Layer 3 or Routing SLB , where the client (or client router) and servers exist in different Layer 2 VLANs or Layer 3 subnets.

Layer 2 (Bridging) Server Load Balancing

The most simplistic implementation of server load balancing is using the Layer 2 or bridging model. In this instance, all interfaces on the content switch are in the same VLAN and IP subnet as both the client-side router and the object servers. The content switch presents a VIP in this subnet, which represents the object servers below. Figure 5-1 shows a simplistic representation of a Layer 2 or bridging implementation.

Figure 5-1. Example Layer 2 SLB topology.

graphics/05fig01.gif

The primary advantage of deploying a solution based on Layer 2 server load balancing is simplicity. The content switch can be placed into the network without any topology alteration other than the introduction of another bridge hop between the client-side router and the object servers. No restructuring of the IP addressing is required to implement the content switch in this instance, thus eliminating changes to routing tables on the client-side router and default gateways on the object servers.

Traffic flow in Layer 2 server load balancing

Let's walk through an example TCP session using Layer 2 server load balancing for HTTP to see what's involved for all components in the network. Figure 5-2 shows an example Layer 2 server load balancing infrastructure and client. Let's assume that the client is establishing an HTTP connection to the Web site housed in the 10.10.10.0 network that is being server load balanced by the content switch with VIP 10.10.10.100.
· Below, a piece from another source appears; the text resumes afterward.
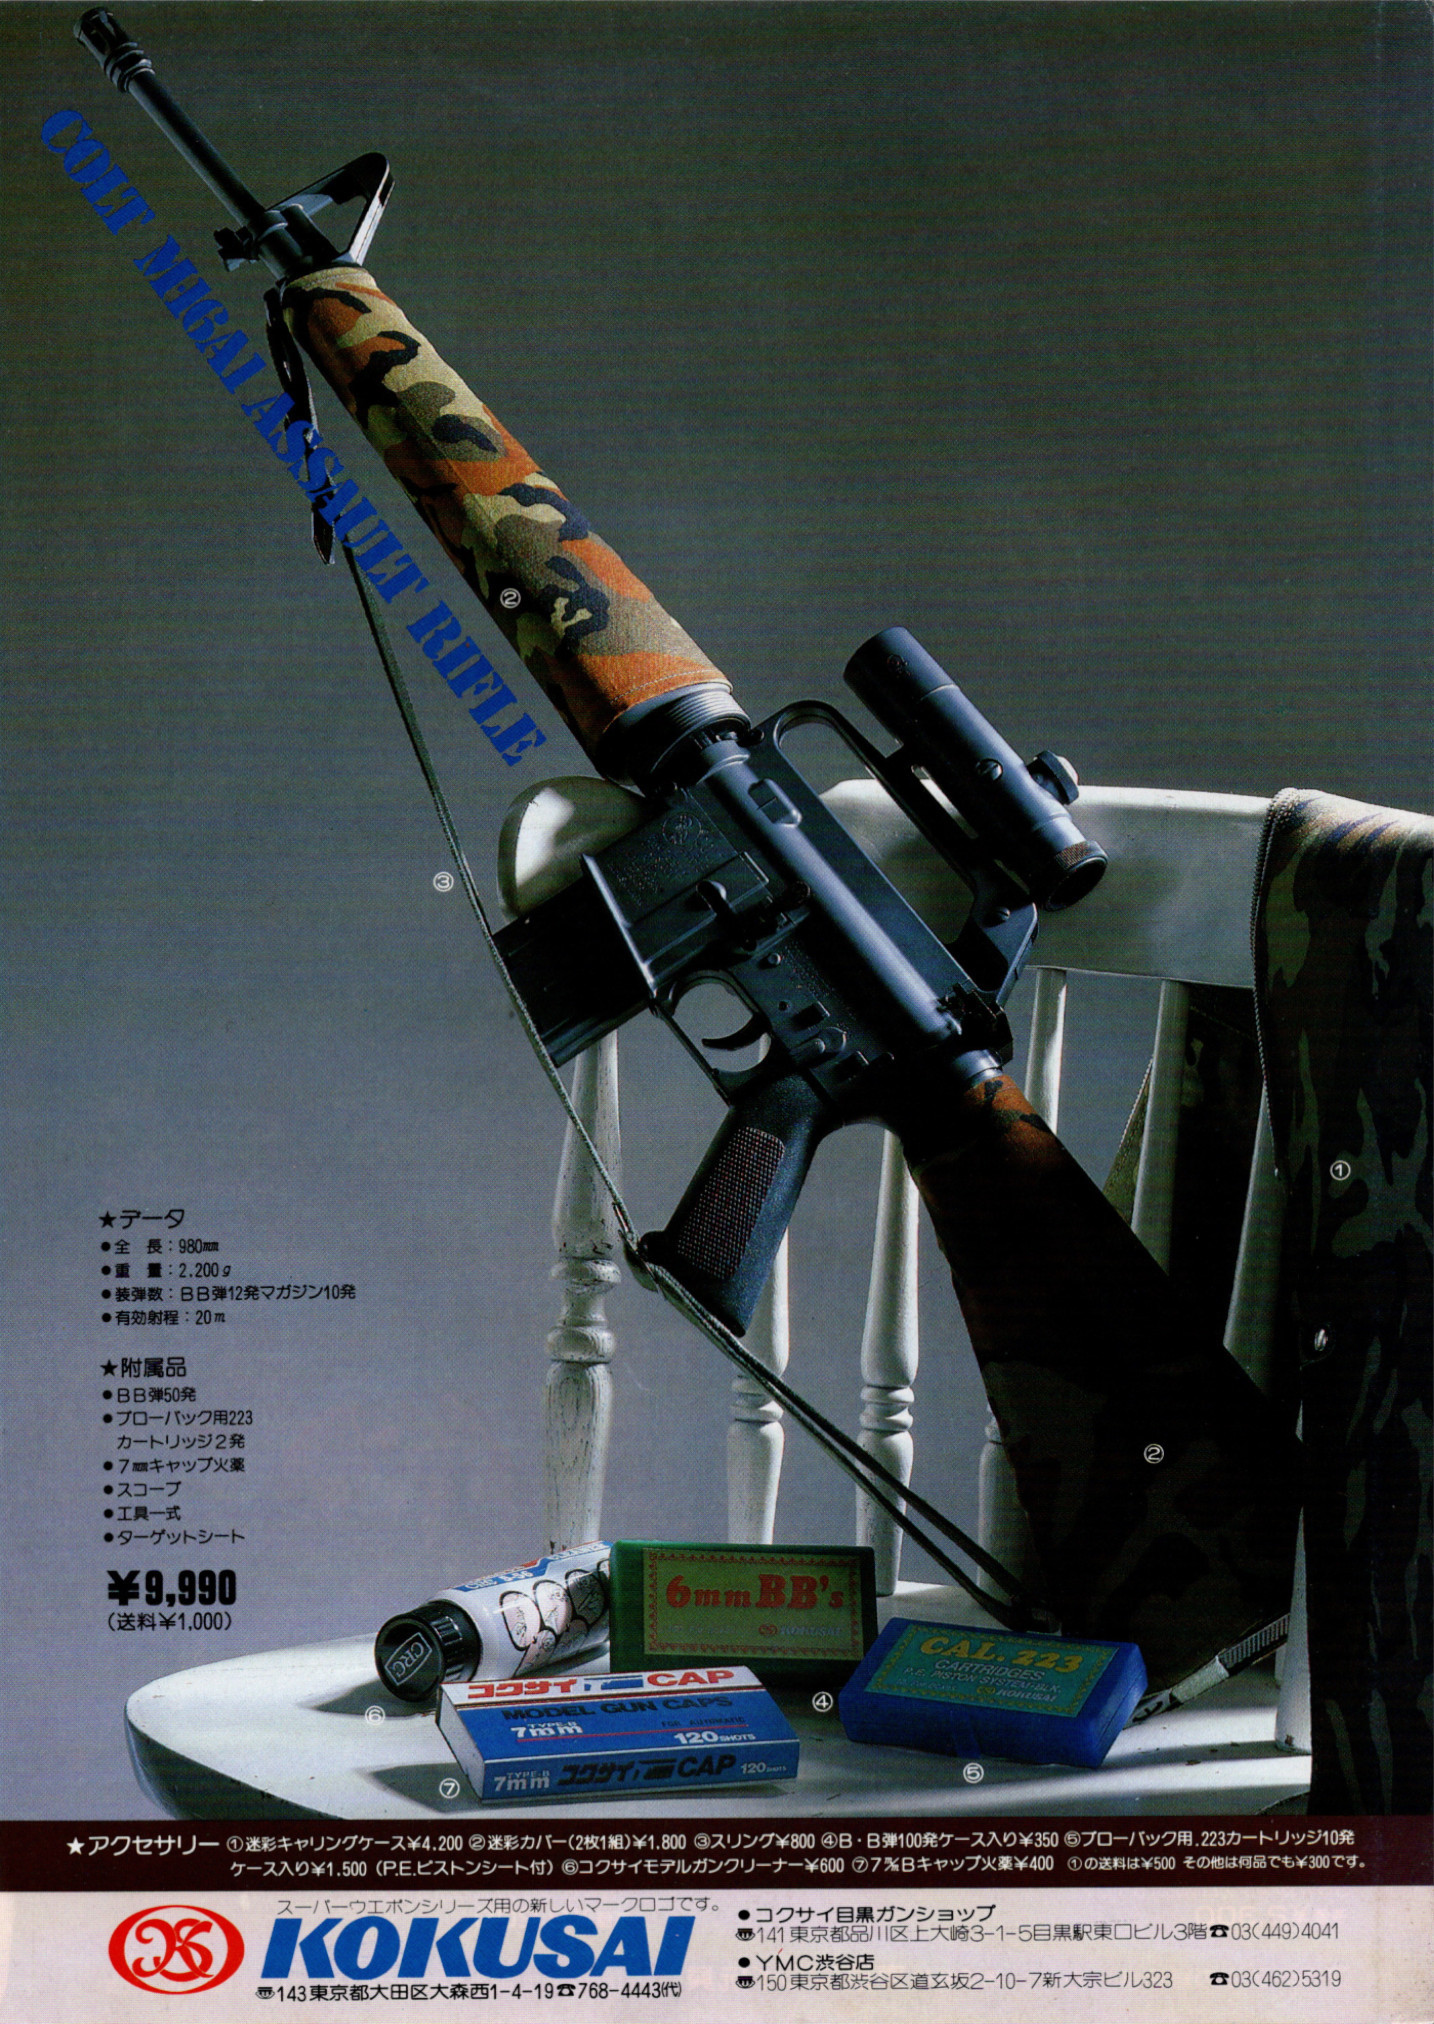 1979年 コクサイ M16 A1 ベトナム フルメタル 平玉火薬式 未発火-

Figure 5-2. Example TCP session flow for Layer 2 SLB.

graphics/05fig02.gif

The flow from client toward the server looks like:

The client issues a DNS lookup to its local DNS server that is resolved to the VIP on the content switch and establishes a TCP session to the VIP by sending a TCP SYN packet.
The TCP SYN packet is routed to the client-side router. The client-side router will send a broadcast ARP into the 10.10.10.0 network to resolve the MAC address for 10.10.10.100. The content switch will reply to the router's ARP broadcast with a MAC address it owns and uses to represent the VIP.
The client-side router will forward the frame to the MAC address of the content switch. At this point, the content switch will make a load balancing decision and translate the destination MAC and destination IP addresses, altering the checksum information at each layer.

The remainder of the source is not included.